KLASSE 42: Instrumente.
in BERLIN.
Perimeter zur Messung im Dunkeln.
Der ärztlichen Praxis fehlte es bisher an einer Methode, das peripherische Gesichtsfeld auf zuverlässige Weise zu bestimmen.
Dieser Mangel findet namentlich darin seine Begründung, dafs die Bestimmungen im hellen Raum ausgeführt wurden, wobei es schwer hielt, das Auge der Versuchspersonen auf einen bestimmten Punkt dauernd zu fixiren und zu verhindern, dafs das von dem Arzt der Peripherie entgegengeführte Object das Auge der Versuchsperson von dem fixirten Mittelpunkt ablenkt.
Aufserdem lassen alle bekannten Perimeter eine der wichtigsten Thatsachen aus der physiologischen Optik aufser Acht. Die Untersuchungen von Hering, v. Kries, König und anderen haben unzweifelhaft dargethan, dafs tdas an die Tageshelle gewöhnte Auge die Farben nur mit dem' Punkte des deutlichsten Sehens wahrnehme, während die Farbenempfindlichkeit der Peripherie eine sehr geringe ist. Die Folge davon ist, dafs die im Hellen vorgenommenen perimetrischen Messungen nur höchst mangelhafte und unvollkommene Resultate geben können.
Dieselben Forscher haben aber auch nachgewiesen, dafs das für das Dunkel adaptirte Auge mit dem Punkte des deutlichsten Sehens nut* Hell und Dunkel wahrnimmt, während die Peripherie hundert bis zweihundert mal farbenempfindlicher ist als bei Tageshelle (v. Kries).
Dieser Uebelstand wird durch das den Gegenstand vorliegender Erfindung bildende Dunkelperimeter ganz beseitigt.
Wie bereits der Titel besagt, werden mit Hülfe dieses Apparates die Versuche nicht mehr im hellen Räume, sondern im Dunkeln ausgeführt und das Auge der Versuchsperson durch einen von einer elektrischen Glühlampe erleuchteten Punkt fixirt.
Mit Hülfe dieses Apparates läfst sich das peripherische Gesichtsfeld einer Versuchsperson sehr genau feststellen und ferner auch bestimmen, in welchen Zonen des Feldes das Auge für Farben empfindlich ist und wie grofs leuchtende Punkte sein müssen, um überhaupt wahrgenommen, sowie als eine gewisse Farbe erkannt zu werden. Aufserdem kann auch neben diesen Messungen mit vorliegendem Apparate bestimmt werden, wie lange ein Lichteindruck von einer gewissen Gröfse auf eine bestimmte Stelle der Peripherie der Netzhaut wirken mufs, um überhaupt als Farbe wahrgenommen zu werden, and endlich, wie grofs bei einem Individuum die sogenannte Entschliefsungszeit ist zwischen der Wahrnehmung von farblosem bezw. farbigem Licht.
Auf beiliegender Zeichnung ist der Apparat zur Anschauung gebracht.
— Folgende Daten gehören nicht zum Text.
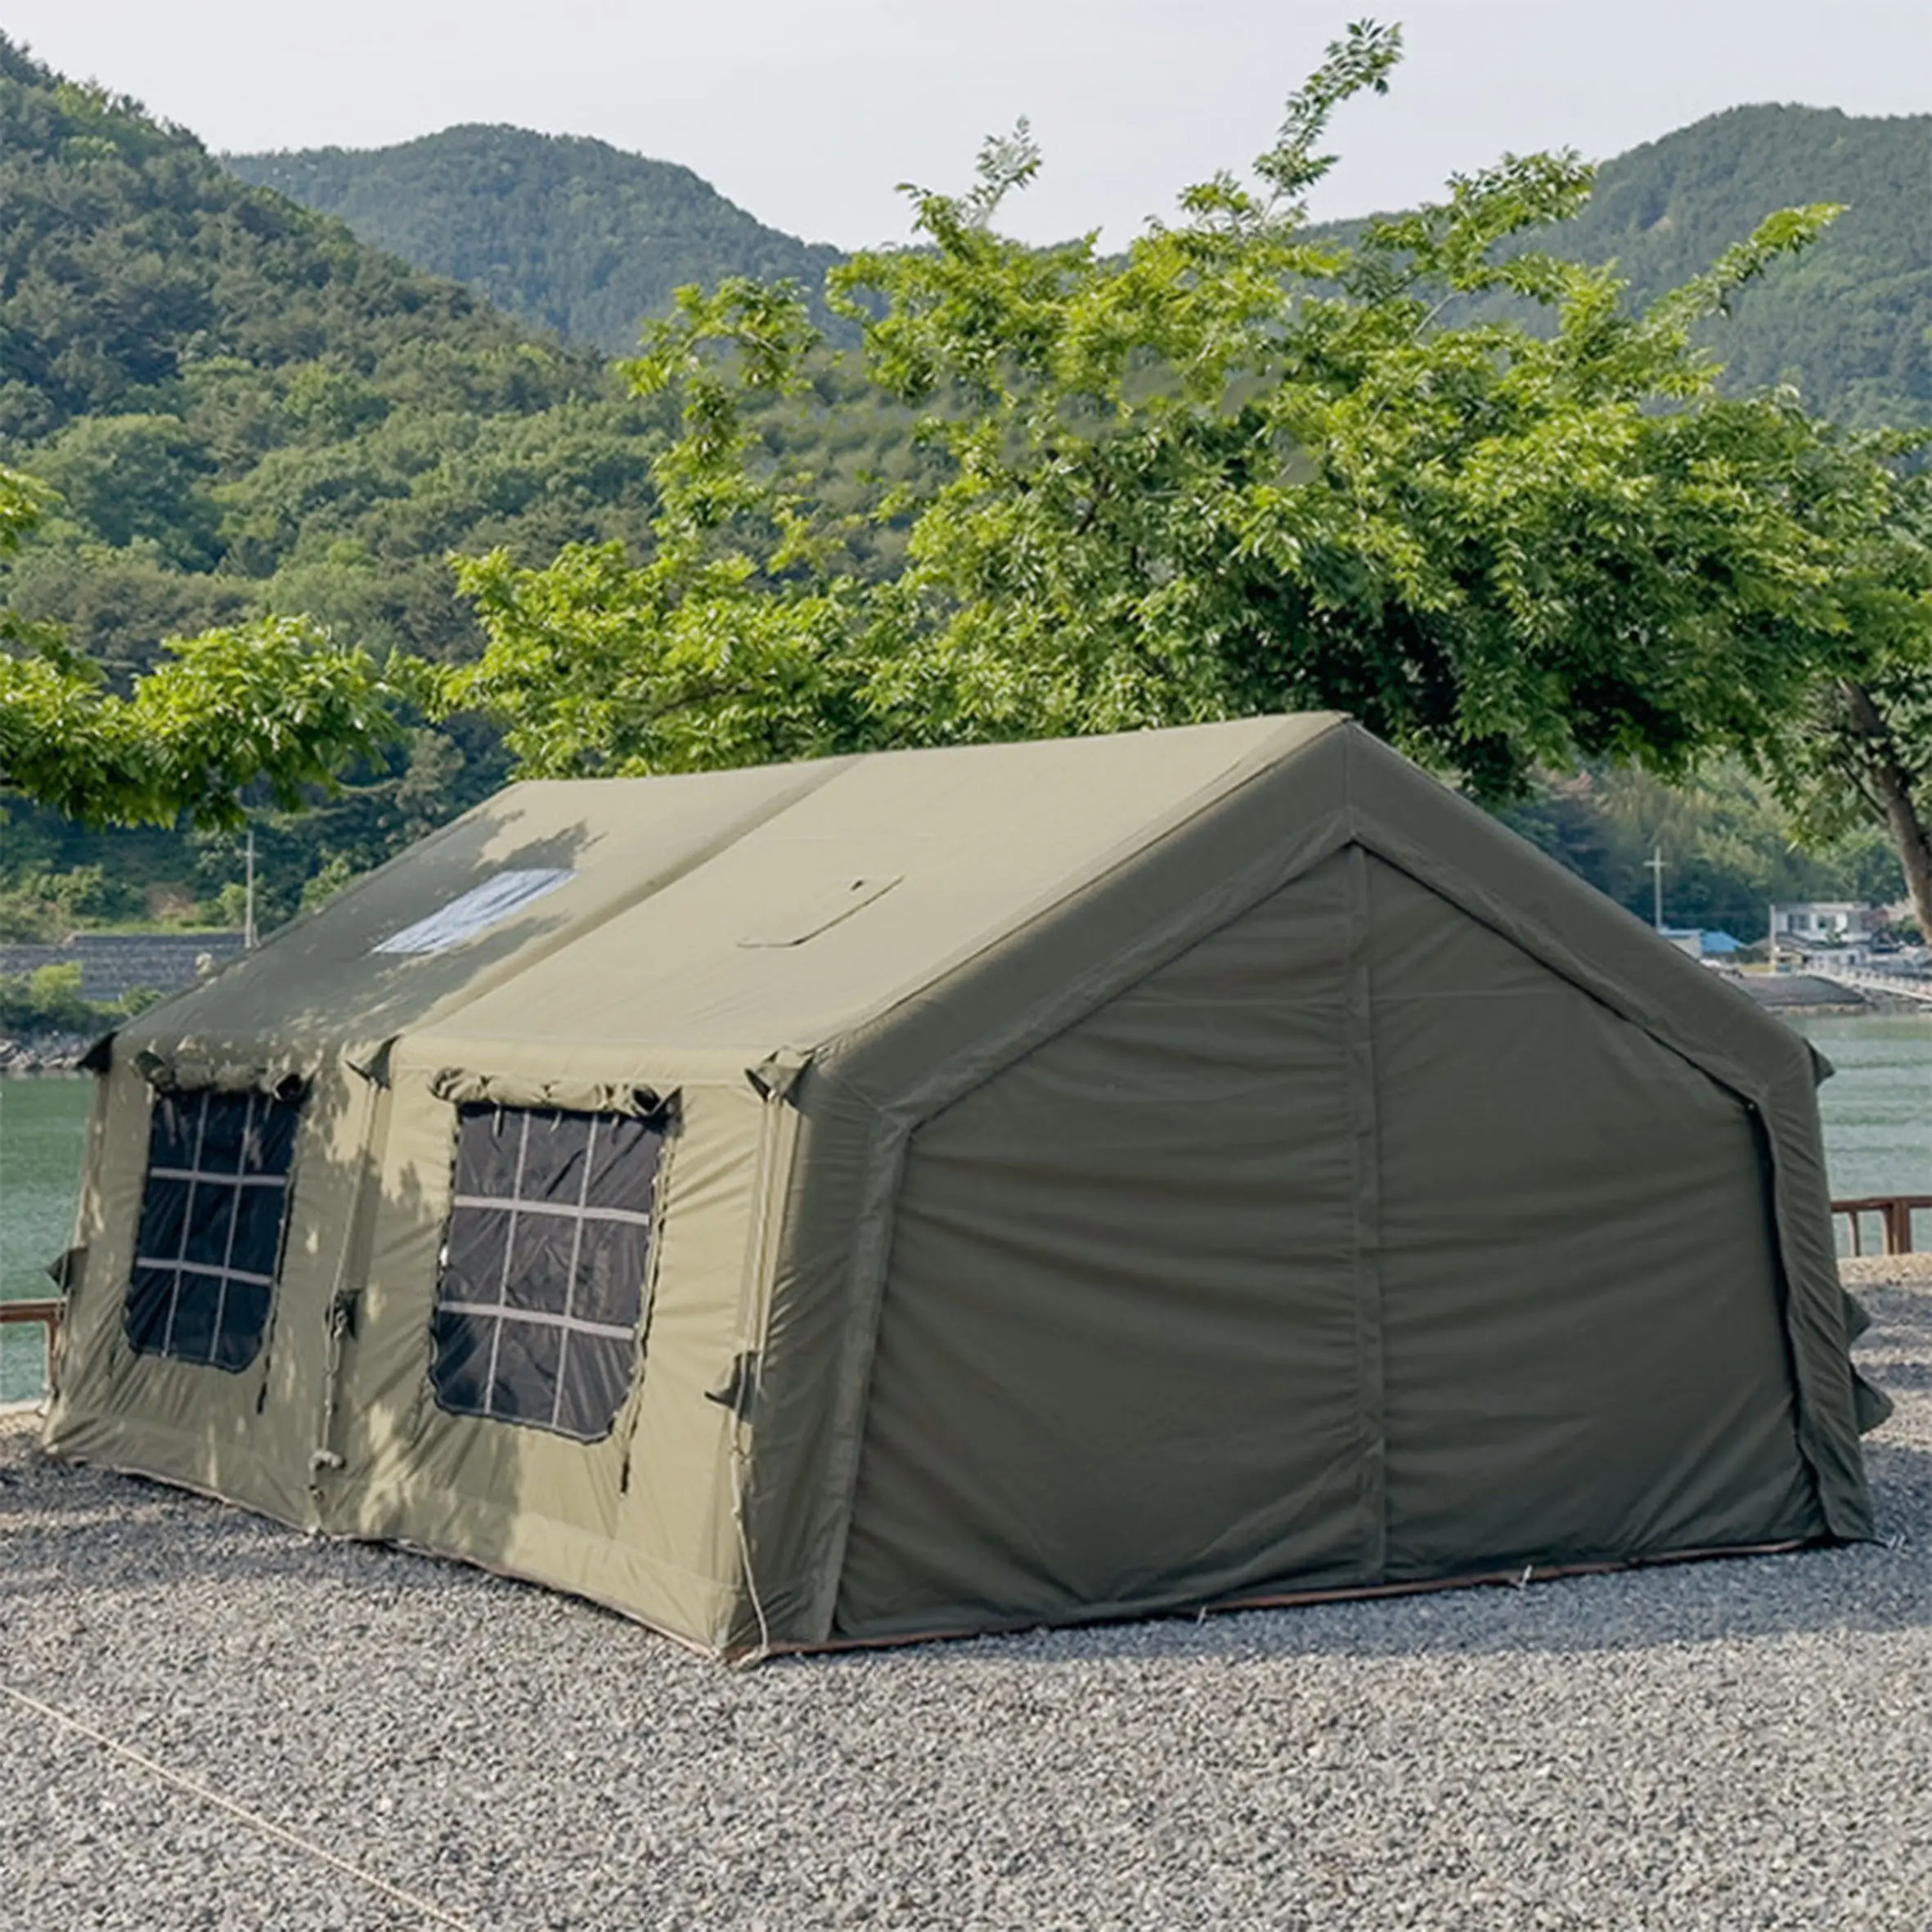 inflatable rapid deployment shelters medicalhospital shelter,for emergency eventsdisaster Tents for government in stock/

Fig. ι zeigt eine Seitenansicht,
Fig. 2 einen Grundrifs,
Fig. 3 bis 6 sind Einzelheiten.
Der Apparat ist zweckmäfsig auf einem Kasten A aufgebaut, welcher den Behälter für eine Trockenbatterie bildet. Am vorderen Ende des Kastens ist eine Kinnstütze B angeordnet, welche sowohl in der Höhenrichtung, als auch nach beiden Seiten, nach rechts und
nach links verstellbar ist. Am anderen Ende des Kastens, der Kinnstütze gegenüber, ist das eigentliche Perimeterstativ C aufgeschraubt oder auf andere Weise befestigt. Dieses Stativ trägt einen Halbkreis D, der eine Gradeintheilung hat. Der Bogen D ist an einer Achse E befestigt. Dieselbe besteht aus einem Rohr nach Art der Fernrohre, welches innen mit Blenden ausgerüstet ist. Dieses Rohr E ist mittelst einer Hülse C1 oder dergl. drehbar am oberen Ende des Stativs C befestigt. Am hinteren Ende der Achse ist eine Kapsel F angeordnet, welche eine kleine Glühlampe .F1 enthält. Die Pole der Glühlampe sind durch Leitungsdrähte mit den Polen der Trockenbatterie verbunden.
Am vorderen Ende der Achse ist ein Schieberdiaphragma G angeordnet, welches eine Reihe ungleich grofser Oeffnungen hat, um den leuchtenden Punkt nach Belieben gröfser oder kleiner erscheinen lassen (reguliren) zu können.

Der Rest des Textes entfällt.